Supplied records
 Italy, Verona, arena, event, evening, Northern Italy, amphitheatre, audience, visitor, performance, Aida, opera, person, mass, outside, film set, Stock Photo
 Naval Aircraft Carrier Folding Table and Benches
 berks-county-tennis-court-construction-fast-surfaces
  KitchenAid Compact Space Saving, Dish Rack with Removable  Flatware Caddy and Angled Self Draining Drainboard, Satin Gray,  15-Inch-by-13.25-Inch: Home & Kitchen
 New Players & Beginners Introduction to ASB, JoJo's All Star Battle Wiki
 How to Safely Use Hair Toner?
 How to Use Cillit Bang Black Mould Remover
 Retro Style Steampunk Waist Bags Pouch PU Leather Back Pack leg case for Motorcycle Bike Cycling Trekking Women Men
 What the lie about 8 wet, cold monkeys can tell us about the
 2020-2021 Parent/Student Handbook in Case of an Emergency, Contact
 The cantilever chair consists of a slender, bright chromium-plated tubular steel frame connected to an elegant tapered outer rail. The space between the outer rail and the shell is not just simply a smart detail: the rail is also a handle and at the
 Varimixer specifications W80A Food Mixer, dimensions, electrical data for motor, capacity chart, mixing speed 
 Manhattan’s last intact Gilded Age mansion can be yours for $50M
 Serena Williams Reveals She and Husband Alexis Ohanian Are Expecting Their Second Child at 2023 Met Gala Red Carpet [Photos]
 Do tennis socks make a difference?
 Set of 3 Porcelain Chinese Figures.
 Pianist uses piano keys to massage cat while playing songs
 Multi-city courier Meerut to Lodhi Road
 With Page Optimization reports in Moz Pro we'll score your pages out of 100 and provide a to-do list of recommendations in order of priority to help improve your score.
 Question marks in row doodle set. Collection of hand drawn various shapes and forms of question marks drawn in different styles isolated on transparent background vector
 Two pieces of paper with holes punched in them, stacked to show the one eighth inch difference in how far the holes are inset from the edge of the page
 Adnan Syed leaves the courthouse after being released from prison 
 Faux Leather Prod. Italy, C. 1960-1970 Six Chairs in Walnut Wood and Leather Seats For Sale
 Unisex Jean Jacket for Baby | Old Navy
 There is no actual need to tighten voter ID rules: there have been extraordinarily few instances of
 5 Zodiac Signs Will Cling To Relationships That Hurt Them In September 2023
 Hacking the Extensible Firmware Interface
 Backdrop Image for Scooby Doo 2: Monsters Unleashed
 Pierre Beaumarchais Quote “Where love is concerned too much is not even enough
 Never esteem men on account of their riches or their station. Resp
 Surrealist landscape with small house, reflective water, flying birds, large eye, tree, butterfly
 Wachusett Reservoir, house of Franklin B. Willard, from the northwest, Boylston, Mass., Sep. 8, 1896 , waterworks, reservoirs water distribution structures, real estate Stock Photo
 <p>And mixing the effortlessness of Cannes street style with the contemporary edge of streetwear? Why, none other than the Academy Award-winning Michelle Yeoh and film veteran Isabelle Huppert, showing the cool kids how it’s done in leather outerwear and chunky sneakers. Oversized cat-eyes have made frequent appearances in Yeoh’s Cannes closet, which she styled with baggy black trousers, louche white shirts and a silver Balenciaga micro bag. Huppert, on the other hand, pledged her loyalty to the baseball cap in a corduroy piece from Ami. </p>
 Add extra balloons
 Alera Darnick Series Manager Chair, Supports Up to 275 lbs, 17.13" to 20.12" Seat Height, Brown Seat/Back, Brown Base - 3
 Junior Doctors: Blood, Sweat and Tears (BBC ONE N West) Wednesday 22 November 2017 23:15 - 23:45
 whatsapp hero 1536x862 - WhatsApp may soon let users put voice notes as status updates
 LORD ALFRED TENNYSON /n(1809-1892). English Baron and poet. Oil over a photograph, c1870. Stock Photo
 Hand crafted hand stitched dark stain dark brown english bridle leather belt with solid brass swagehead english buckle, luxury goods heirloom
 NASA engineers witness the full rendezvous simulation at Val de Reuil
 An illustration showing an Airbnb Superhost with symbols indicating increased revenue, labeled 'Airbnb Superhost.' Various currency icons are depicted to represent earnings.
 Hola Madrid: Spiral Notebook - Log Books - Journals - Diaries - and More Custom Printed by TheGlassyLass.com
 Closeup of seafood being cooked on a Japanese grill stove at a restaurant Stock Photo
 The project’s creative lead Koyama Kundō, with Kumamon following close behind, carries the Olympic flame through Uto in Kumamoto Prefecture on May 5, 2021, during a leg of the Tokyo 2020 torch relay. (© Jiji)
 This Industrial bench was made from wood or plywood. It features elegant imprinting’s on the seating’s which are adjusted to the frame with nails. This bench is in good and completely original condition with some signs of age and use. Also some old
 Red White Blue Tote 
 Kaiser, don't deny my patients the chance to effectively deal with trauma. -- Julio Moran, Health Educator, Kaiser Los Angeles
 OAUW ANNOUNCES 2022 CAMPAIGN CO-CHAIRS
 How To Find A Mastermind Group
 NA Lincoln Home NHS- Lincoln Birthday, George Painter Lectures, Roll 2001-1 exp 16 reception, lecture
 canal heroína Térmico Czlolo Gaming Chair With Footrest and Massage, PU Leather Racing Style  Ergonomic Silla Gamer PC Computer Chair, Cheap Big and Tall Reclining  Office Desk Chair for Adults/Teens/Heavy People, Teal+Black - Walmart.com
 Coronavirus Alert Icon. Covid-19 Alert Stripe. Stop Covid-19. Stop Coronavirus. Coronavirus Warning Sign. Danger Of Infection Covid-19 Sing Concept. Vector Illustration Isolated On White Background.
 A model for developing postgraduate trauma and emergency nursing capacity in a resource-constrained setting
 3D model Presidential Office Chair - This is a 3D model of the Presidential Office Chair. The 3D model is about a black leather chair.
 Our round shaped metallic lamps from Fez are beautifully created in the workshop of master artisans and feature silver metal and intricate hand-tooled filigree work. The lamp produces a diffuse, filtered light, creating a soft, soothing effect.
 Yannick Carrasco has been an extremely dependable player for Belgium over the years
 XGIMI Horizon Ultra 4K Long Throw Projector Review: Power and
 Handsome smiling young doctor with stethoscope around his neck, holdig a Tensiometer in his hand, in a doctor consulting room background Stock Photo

Aim of the exercise
Please transcribe the data above without changes, from its first line to its "Question marks in" line, and leave out anything past that.

Expected answer
 Italy, Verona, arena, event, evening, Northern Italy, amphitheatre, audience, visitor, performance, Aida, opera, person, mass, outside, film set, Stock Photo
 Naval Aircraft Carrier Folding Table and Benches
 berks-county-tennis-court-construction-fast-surfaces
  KitchenAid Compact Space Saving, Dish Rack with Removable  Flatware Caddy and Angled Self Draining Drainboard, Satin Gray,  15-Inch-by-13.25-Inch: Home & Kitchen
 New Players & Beginners Introduction to ASB, JoJo's All Star Battle Wiki
 How to Safely Use Hair Toner?
 How to Use Cillit Bang Black Mould Remover
 Retro Style Steampunk Waist Bags Pouch PU Leather Back Pack leg case for Motorcycle Bike Cycling Trekking Women Men
 What the lie about 8 wet, cold monkeys can tell us about the
 2020-2021 Parent/Student Handbook in Case of an Emergency, Contact
 The cantilever chair consists of a slender, bright chromium-plated tubular steel frame connected to an elegant tapered outer rail. The space between the outer rail and the shell is not just simply a smart detail: the rail is also a handle and at the
 Varimixer specifications W80A Food Mixer, dimensions, electrical data for motor, capacity chart, mixing speed 
 Manhattan’s last intact Gilded Age mansion can be yours for $50M
 Serena Williams Reveals She and Husband Alexis Ohanian Are Expecting Their Second Child at 2023 Met Gala Red Carpet [Photos]
 Do tennis socks make a difference?
 Set of 3 Porcelain Chinese Figures.
 Pianist uses piano keys to massage cat while playing songs
 Multi-city courier Meerut to Lodhi Road
 With Page Optimization reports in Moz Pro we'll score your pages out of 100 and provide a to-do list of recommendations in order of priority to help improve your score.
 Question marks in row doodle set. Collection of hand drawn various shapes and forms of question marks drawn in different styles isolated on transparent background vector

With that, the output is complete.